Nicotine could in future yield a new treatment for Alzheimer's disease, scientists have revealed.

Researchers found that a by-product of the compound which hooks smokers appears to protect the brain from the devastating dementia illness.

But the discovery should not be seen as an excuse to smoke. The substance, nornicotine, is toxic, and could not itself be used as a medication. But scientists believe further research might produce harmless compounds that mimic the action of nornicotine in fighting Alzheimer's.

Previous studies already suggested that cigarette smoking may delay the onset of Alzheimer's, but no-one was sure how.

There have been a number of different theories, such as stimulation of deficient molecular "receptors" that bind on to nicotine.

The new research indicates that nornicotine, produced when nicotine is broken down in the body, prevents the formation of protein lumps, or plaques, in the brain associated with Alzheimer's.

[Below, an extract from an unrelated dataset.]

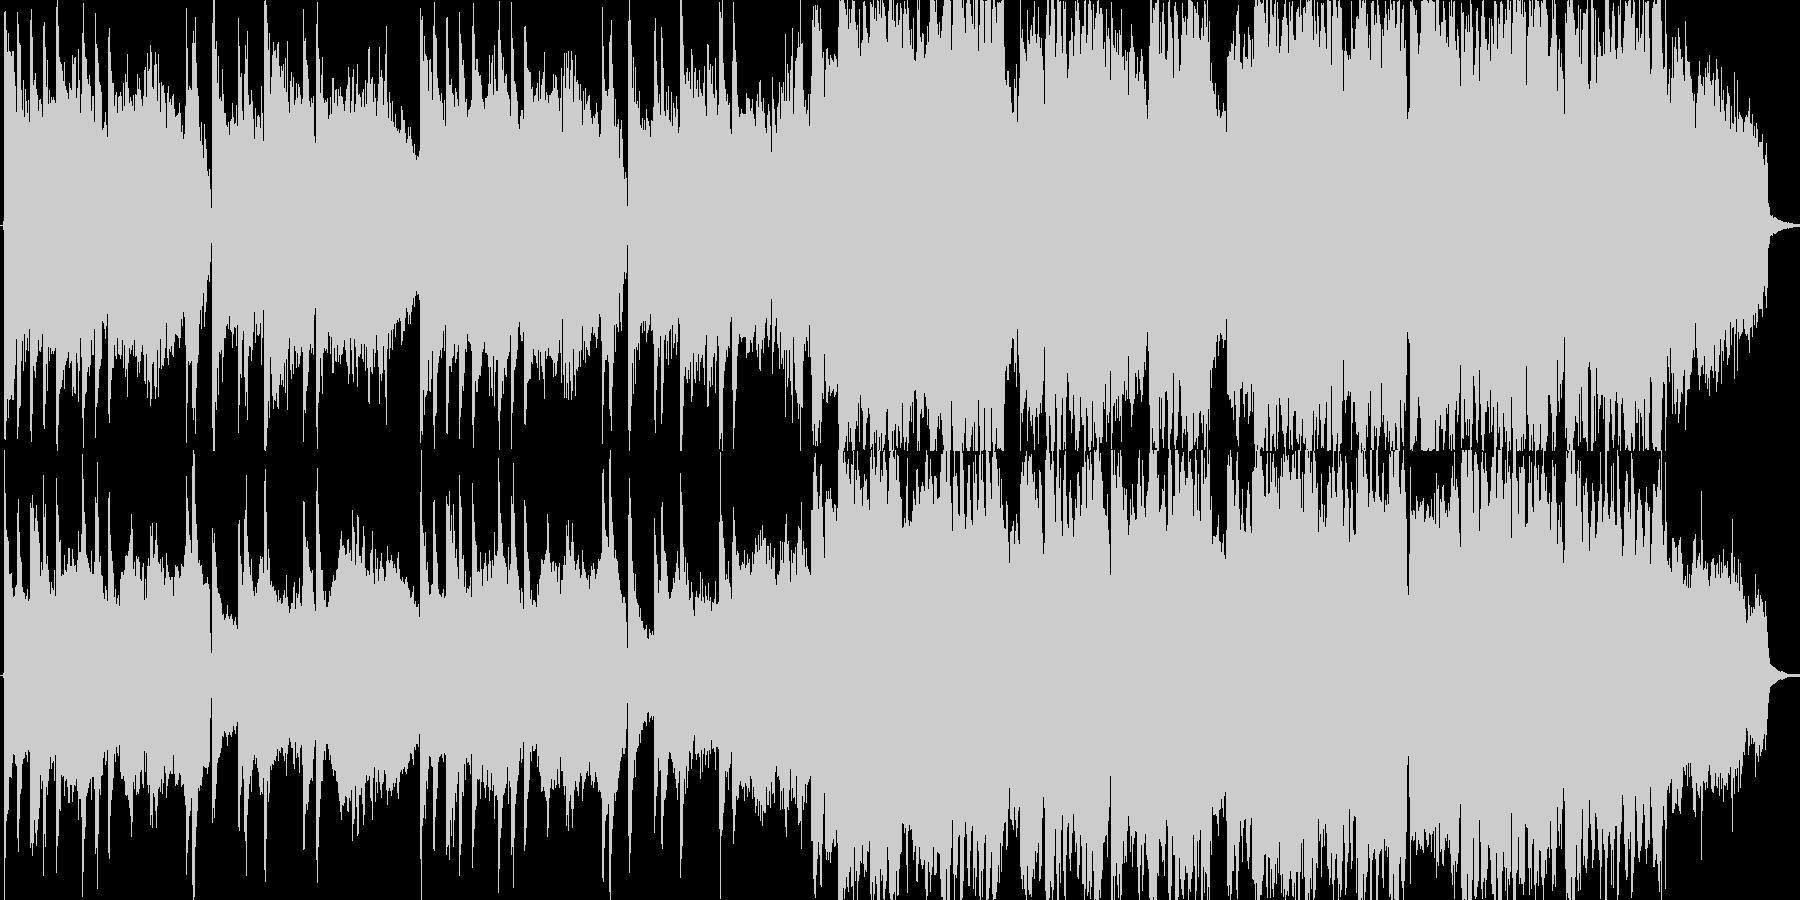 スローでやや切ない雰囲気のある和風BGMの未再生の波形

Plaque formation was reduced when two US scientists incubated nornicotine and glucose with the amyloid beta proteins from which the deposits are made. Nornicotine is involved in a reaction between sugars and proteins called glycation, which is normally considered harmful.

The findings were published today in the journal Proceedings of the National Academy of Sciences.

Tobin Dickerson and Kim Janda, from The Scripps Research Institute, la Jolla, California, wrote: "Nicotine and nonicotine treatments are intriguing and potentially valuable treatments for AD (Alzheimer's disease). However, both compounds have significant toxicity and known psychoactivity. These results argue for increased study into new therapeutic compounds capable of..modifying A beta while displaying reduced toxicity and psychoactivity."

They added that nornicotine may play a role in the formation of amyloid plaques in other diseases, such as Parkinson's.